Mr. Gunawardena said the step was taken on a directive from Elections Commissioner Mahinda Deshapriya to act against those found to be violating excise laws during this period.
Several candidates from all parties are known in the past to have distributed liquor and other gifts to supporters during election campaigning, but this would not be tolerated and liquor outlets which violated regulations would face heavy fines or even the cancellation of their operating licences, the Excise Commissioner warned.
He said the first such detection was made inside in a Badulla District estate where several persons were taken into custody along with 40 bottles of locally manufactured arrack meant to be distributed to party supporters.
The legal limit of transportation or possession of liquor is 10 bottles or 7.5 litres for a person and exceeding this limit is an offence in terms of the Excise Ordinance, he explained.
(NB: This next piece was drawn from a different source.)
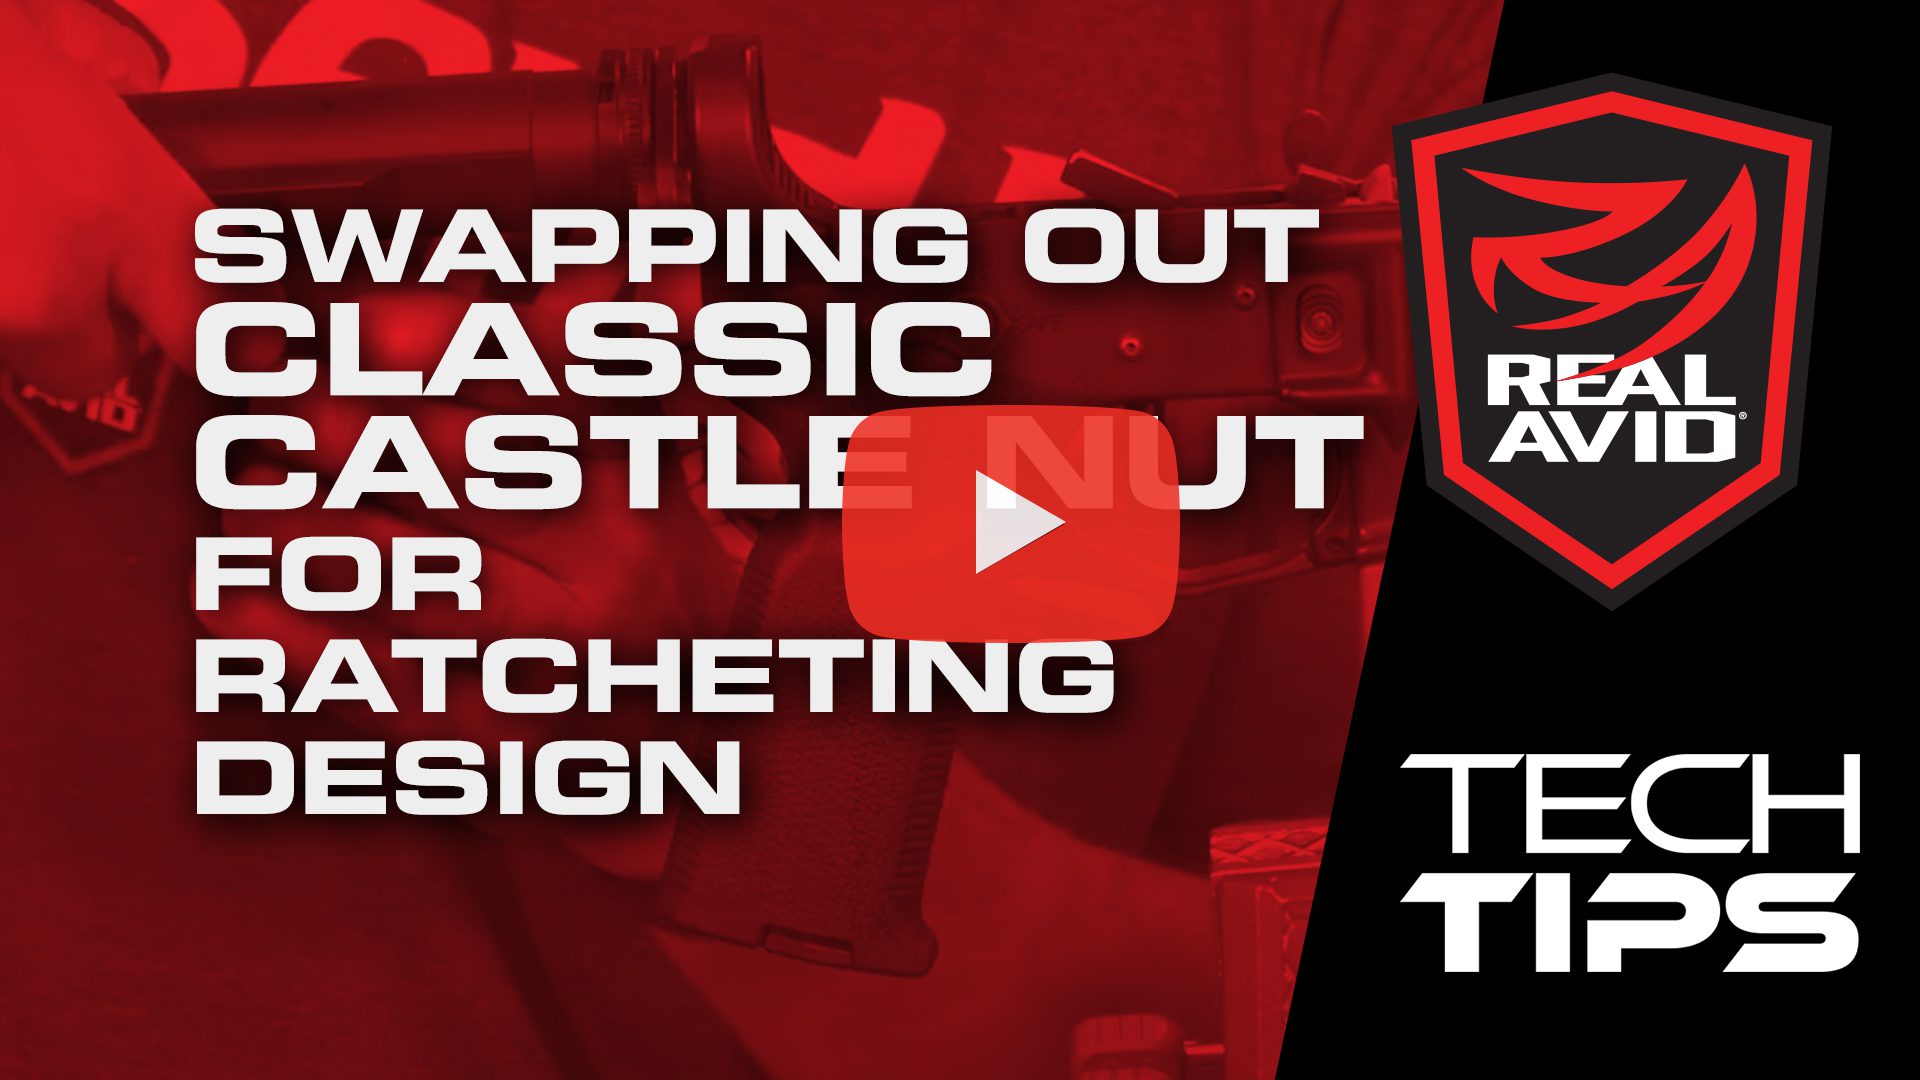 TECH TIPS: Swapping out Classic Castle Nut for Ratcheting Design

The Commissioner said undercover Excise officials had also been pressed into the crackdown and they were working along with police and other state agencies. Meanwhile independent election monitoring groups said they had received more than 20 complaints of liquor-related violations of polls laws from several areas, with the worst being the Nuwara-Eliya District.
The complaints were received from Nuwara-Eliya, Lindula, Hatton, Badulla, Puttalam and Chilaw and the offenders belonged to all parties, Campaign for Free and Fair Elections (CaFFE) coordinator Keerthi Tennakoon said. He said the matter had been reported to the areas’ police divisions and since then there had been a drop but the practice was continuing in several areas.
People’s Action for Free and Fair Elections (PAFFREL) director Rohana Hettiaarachchi said they had received two liquor-related complaints but added that the number might be higher.